- Provided material -
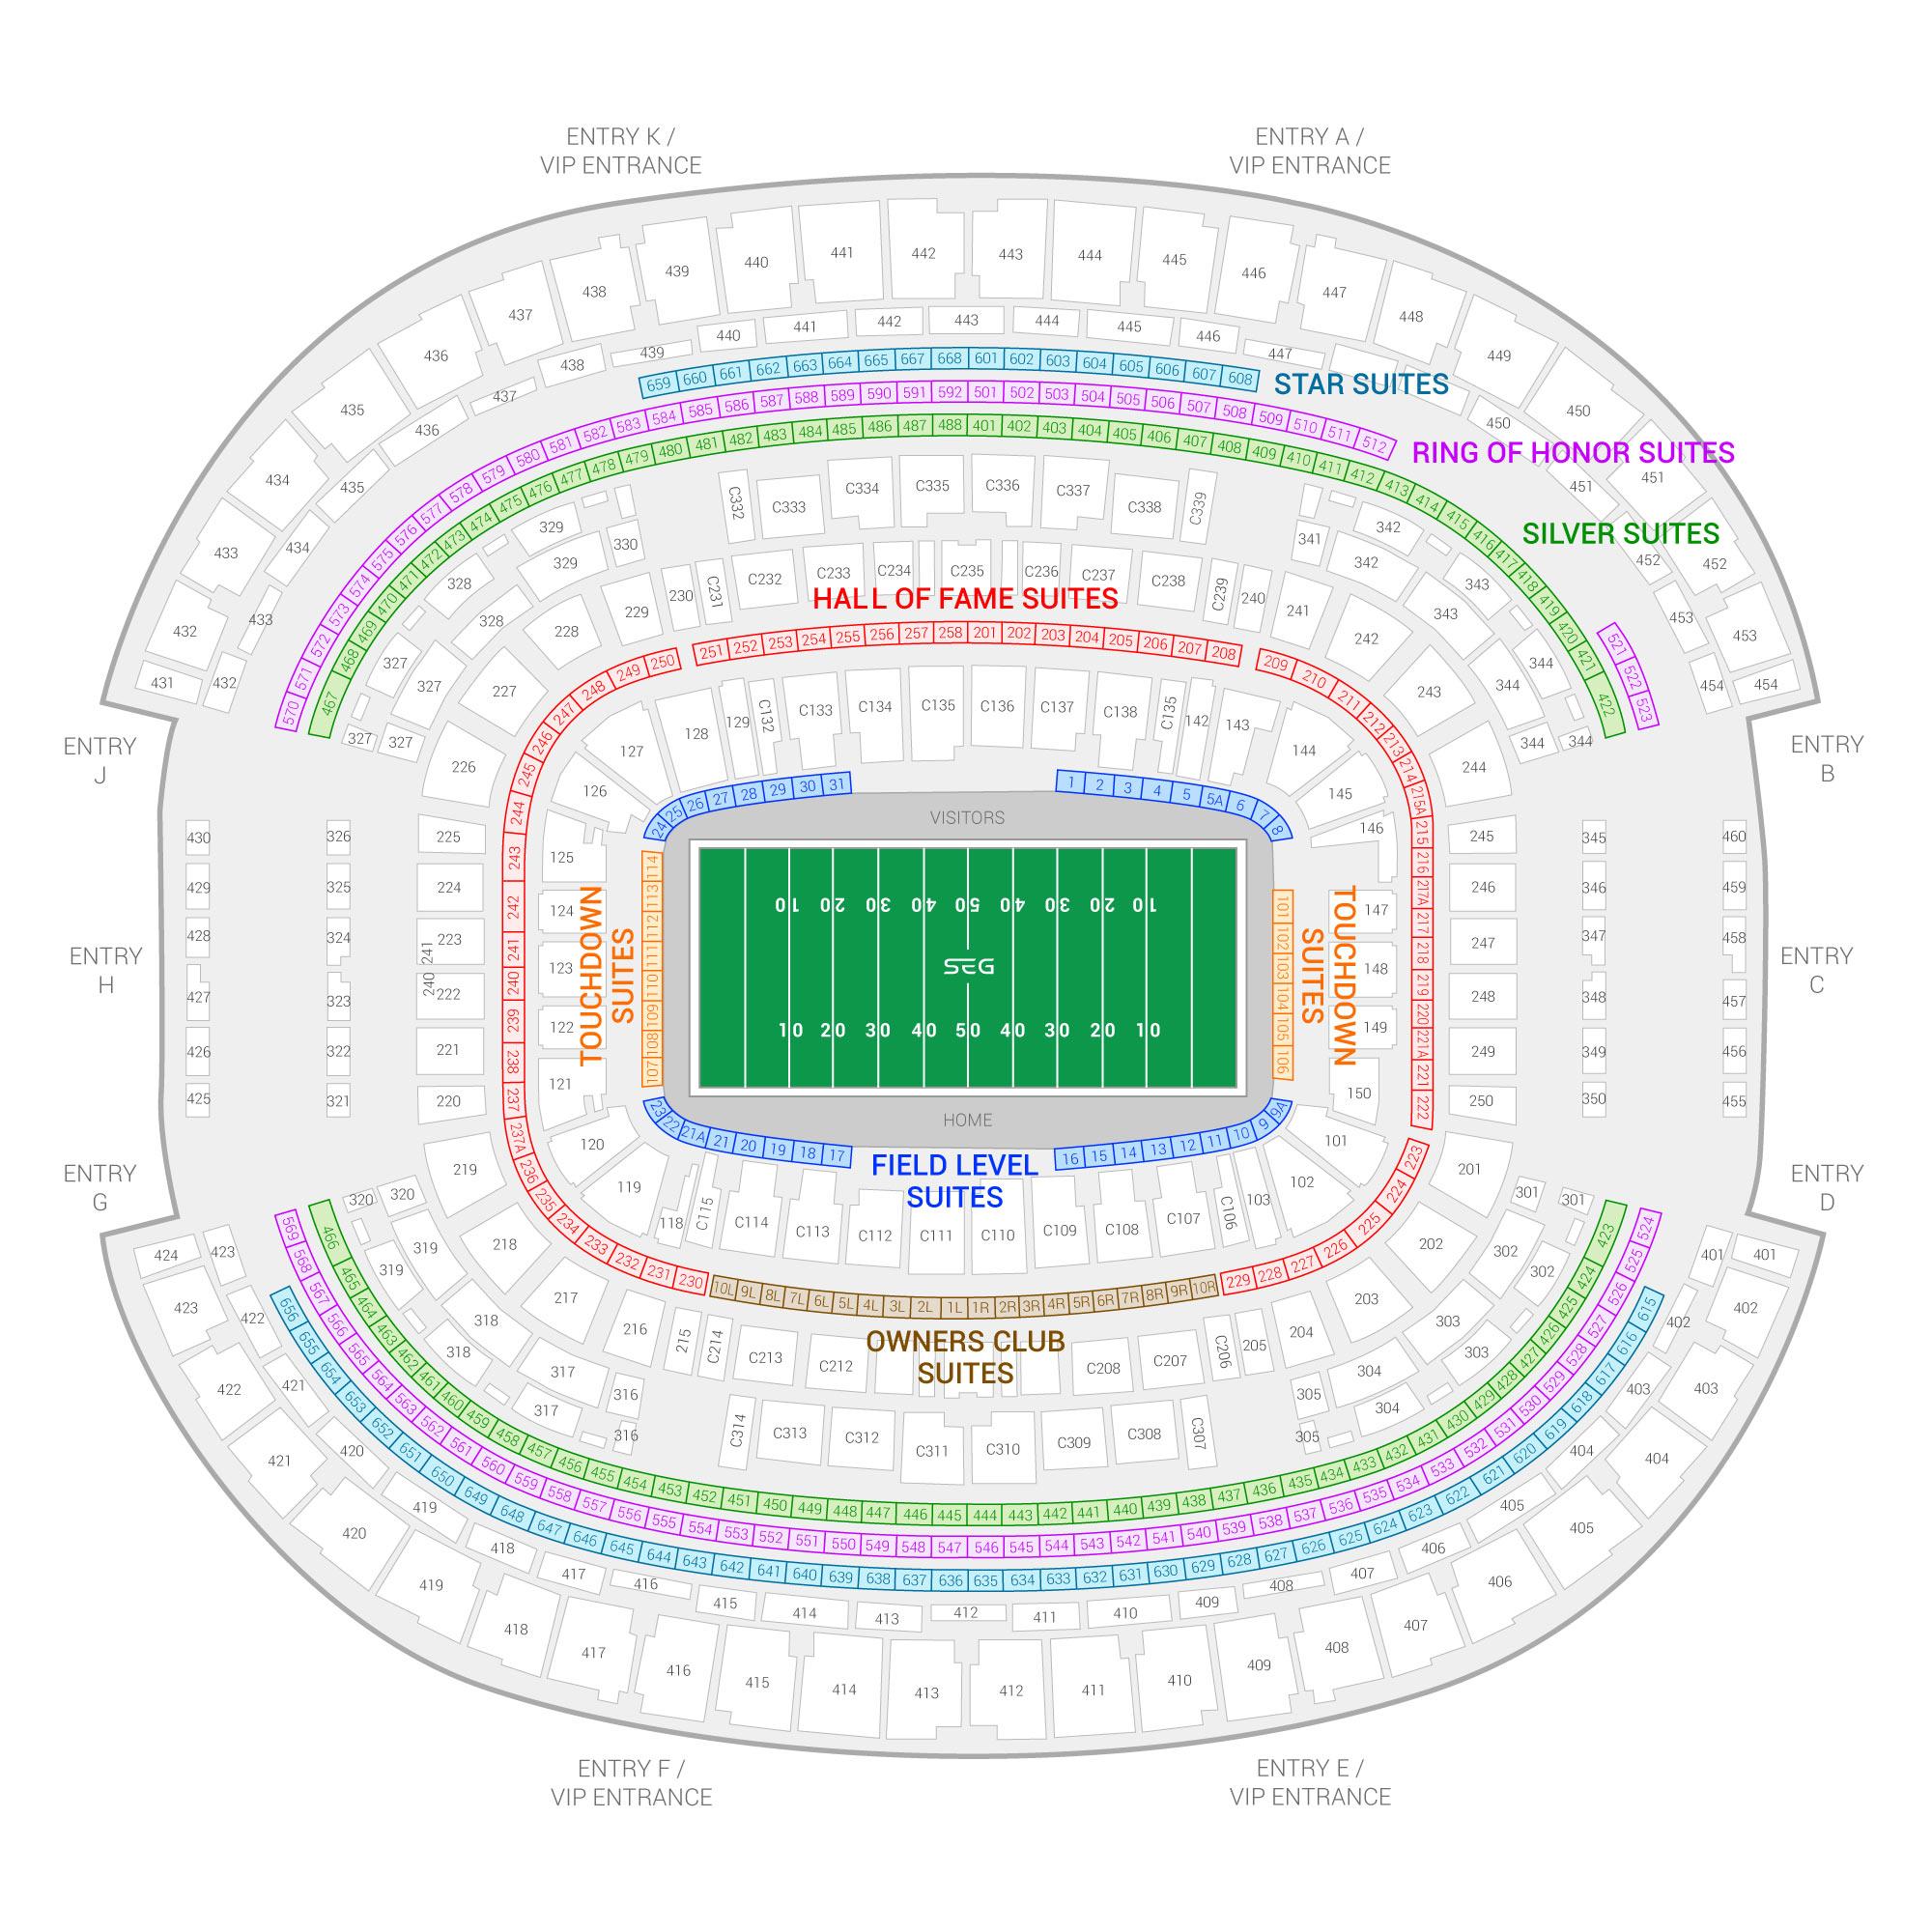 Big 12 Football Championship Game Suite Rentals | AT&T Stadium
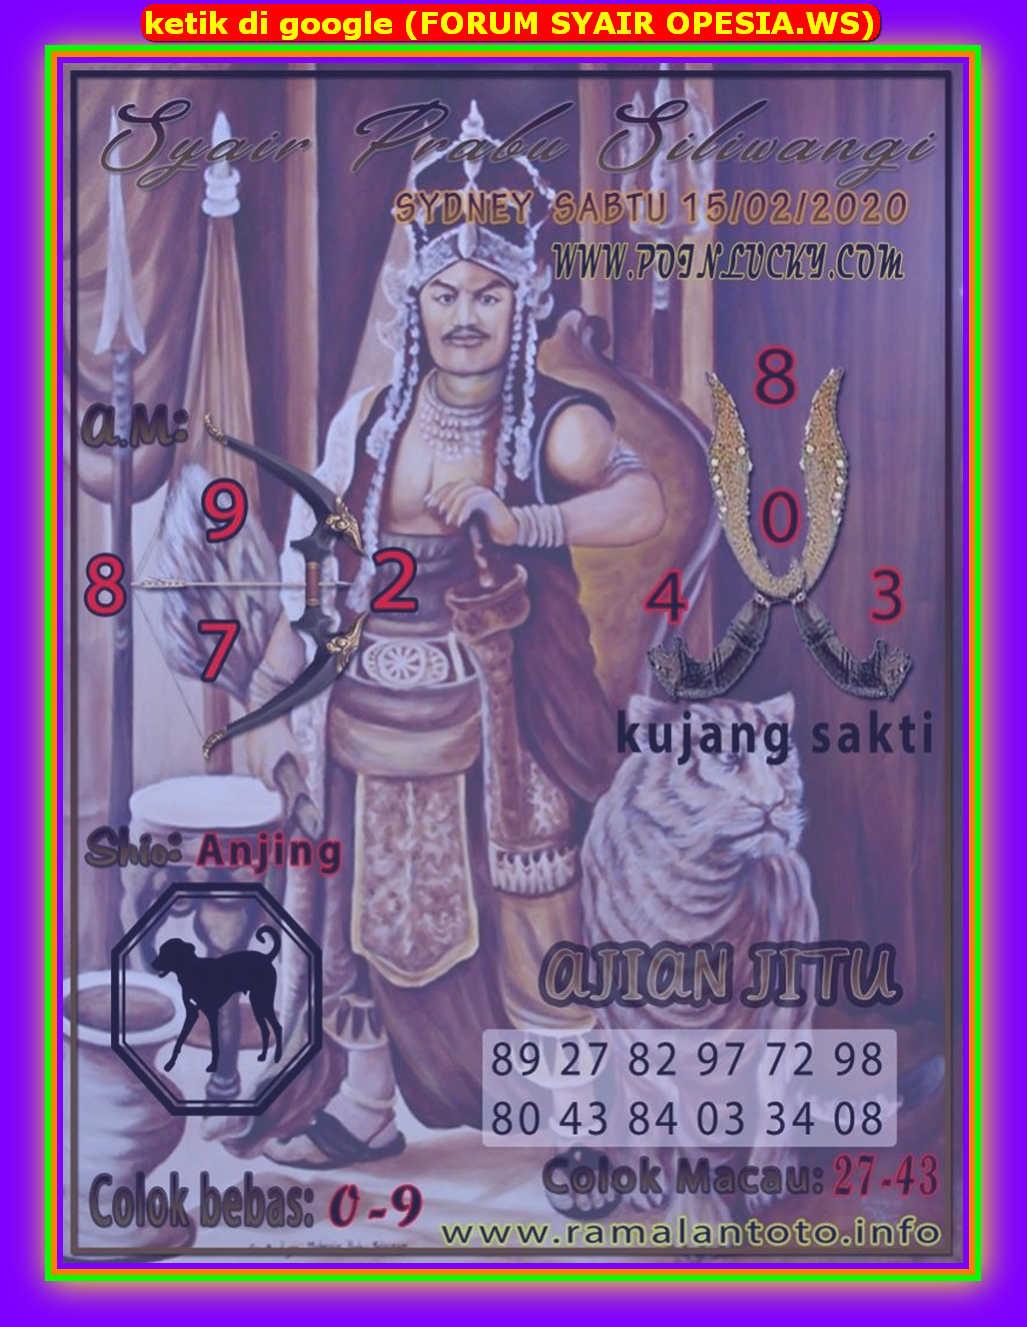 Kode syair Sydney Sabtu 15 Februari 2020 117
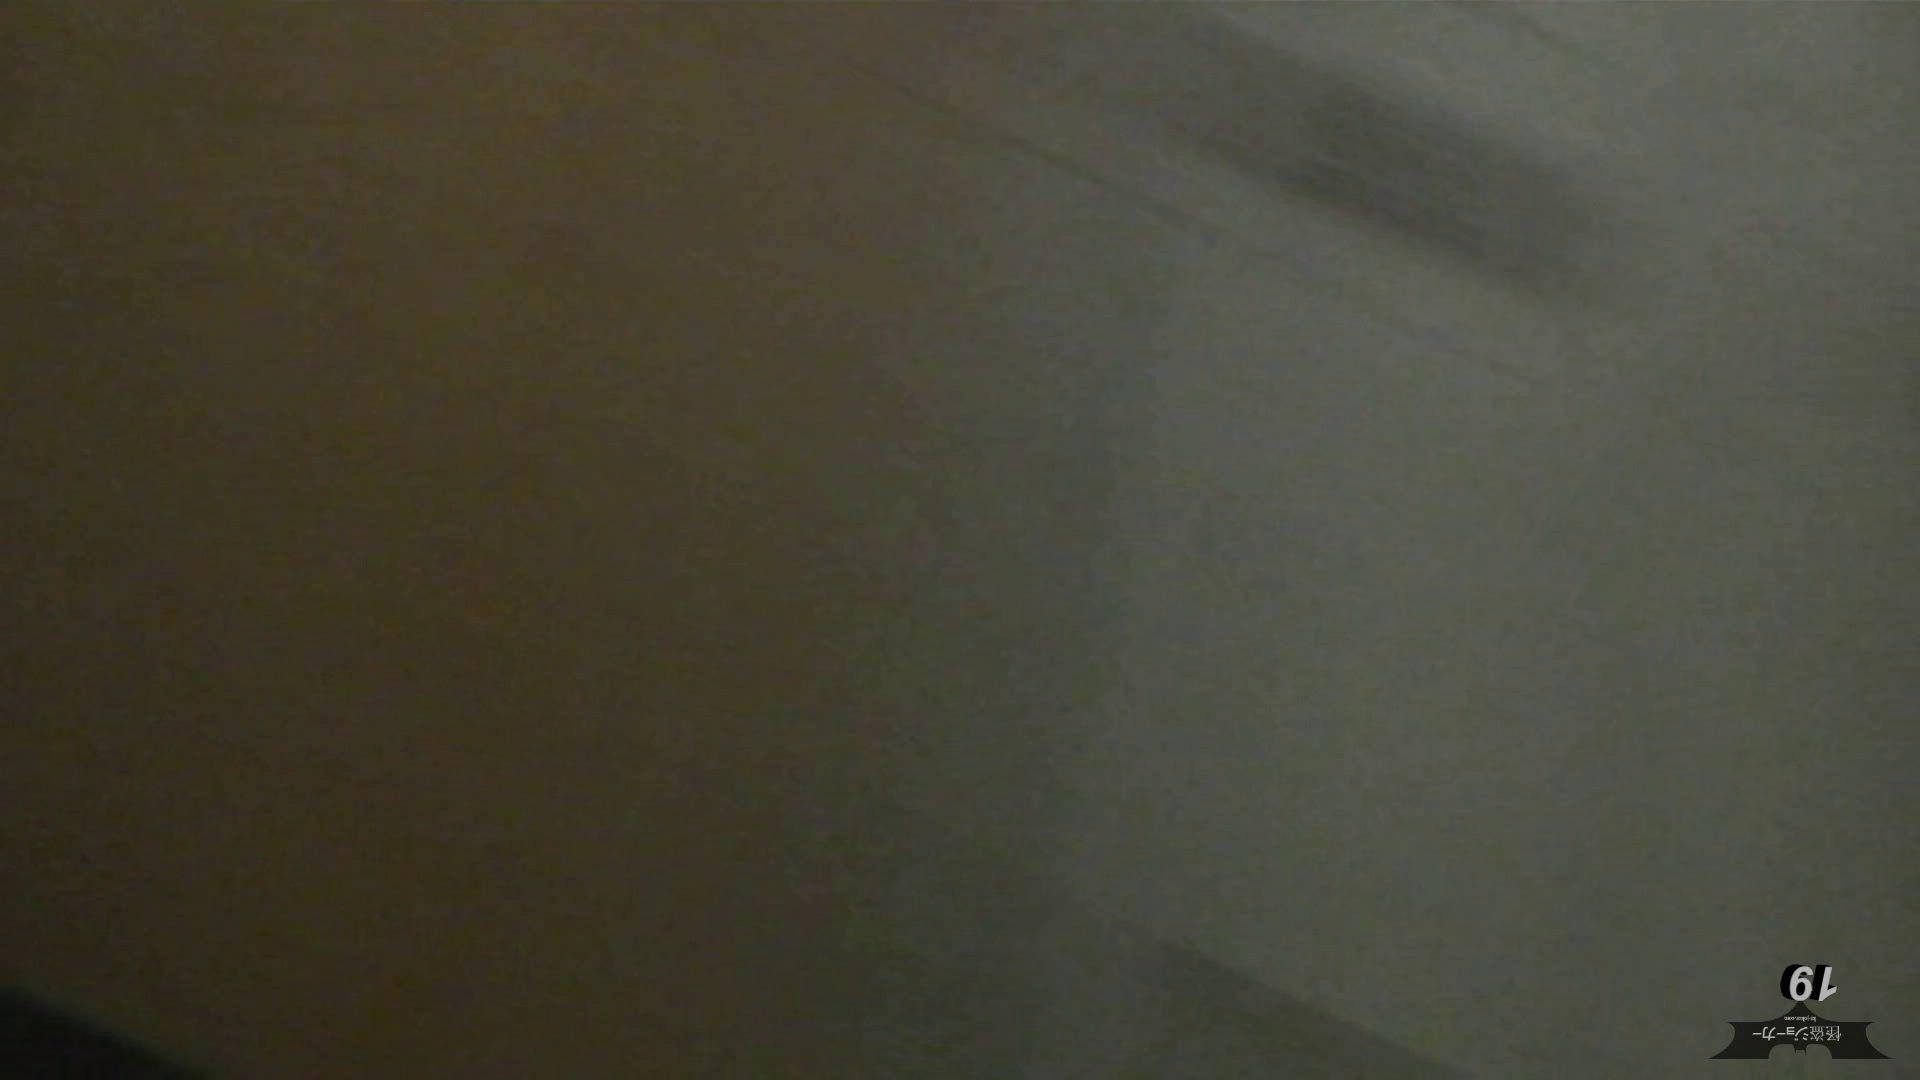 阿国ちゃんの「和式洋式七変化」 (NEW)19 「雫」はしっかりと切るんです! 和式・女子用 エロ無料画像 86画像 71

- Required action -
Return an exact transcription of the material, with its pictures left out.

- Completed exercise -
 Big 12 Football Championship Game Suite Rentals | AT&T Stadium
 Kode syair Sydney Sabtu 15 Februari 2020 117
 阿国ちゃんの「和式洋式七変化」 (NEW)19 「雫」はしっかりと切るんです! 和式・女子用 エロ無料画像 86画像 71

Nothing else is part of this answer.